このまま、刀で首を断ち切ってさえ終えばこれで終わりだ。
ゆっくりと体が空中落下していき目線の前に頸が映る。
取った!
と、勝利を確信し腰に手を当てた。
「なっ!?」
そこで俺は気づいたのだ。
いつも妖怪と対峙する際腰にかけている刀がないことに。
そうだった。
俺は下校の途中で学校に戻ってしまったから刀を持ってきていないのだ。
今更気づいても遅く、驚き戸惑う俺の体を影の腕は最も容易く弾き飛ばした。
「いって……」
弾かれ吹き飛んだ俺の体は鈍い音を奏でながら落下防止のために設置された金属ネットに当たり、背中の肉を網目に抉り込ませた。
背中を抑えながら立ち上がる。
体の当たった金属のネットは完全に凹んで原形を留めていない。
凄い威力だ、最初の動きからは考えられない。
ひりつく背中をさすり急いで思考を巡らせる。
まさか自身の武器である白夜を忘れるなんて思ってもいなかった。
薄々だが理由はわかる。
なぜか無意識的に自分の近くに白夜が存在する感覚があったのだ。
刀なんて持っていないのに。
再度腰元を触るがやはり手応えはない。
この感覚はなんなんだ?
休む暇もなく再び三本の腕が俺に向かって飛んでくる。
単調な攻撃だが今の俺にとってはどんな攻撃も変わらない。
痛む背中を無視して攻撃を避けるために駆け抜け走り出す。
少し休ませてくれても良いんじゃないのか?
そんな期待を込めるが影姫は答えてくれるはずもなくただ笑い声を響かせながら俺を攻撃してくる。
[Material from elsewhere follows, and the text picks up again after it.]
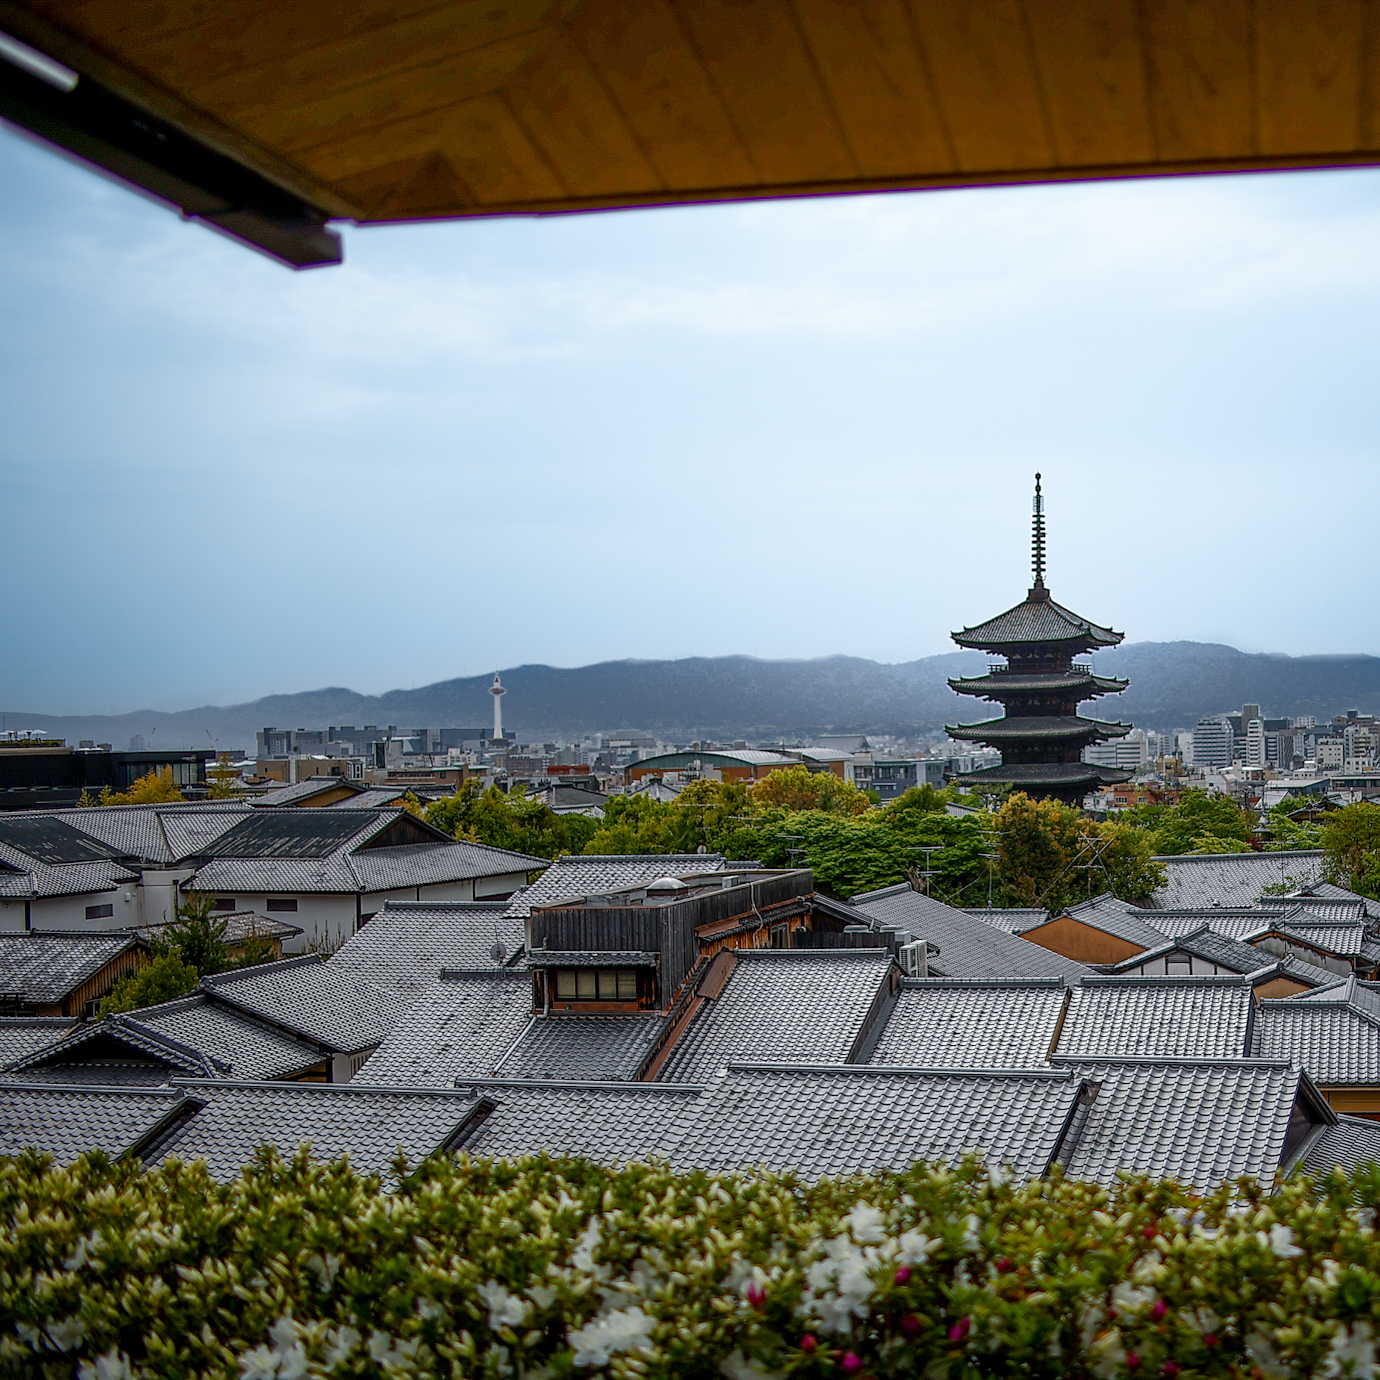 ホテルからは京都らしい眺望も楽しめる。

段々と俺は防戦一方になり始め、とうとう腕の数は五本になった。
まだ疲れてはいない、疲れてはいないがさっき金属ネットにぶつかったせいで背中と右足が悲鳴を上げ始めている。
これは時期に使い物にならなくなってしまうかもな。
俺は腕を誘うようにして立ち止まる。
角度を変え、俺の方に勢いよく飛んでくる腕たちはまるで誘導ミサイルだ。
違和感を抱えながら腕が近付いてくるのを構えて待つ。
一発ぐらいはあいつに当ててみないとな。
炎を真下に叩きつけ煙幕を作る。
辺りは煙で立ちこみ影姫の腕は地面を叩きつけた。
煙を巻き付けながら俺は上空を飛ぶ。
影姫の腕はまんまと騙され伸びて動いていない。
つまり影姫の守りはガラ空き、今度こそ!
影姫は飛び出した俺を見つけると真っ黒な目と口を目一杯開いた。
予想外だったらしいな。
俺も同感だ。
自由落下する体を制御しながら影姫に向かって手を伸ばす。
大きく開いた、口元目掛けて。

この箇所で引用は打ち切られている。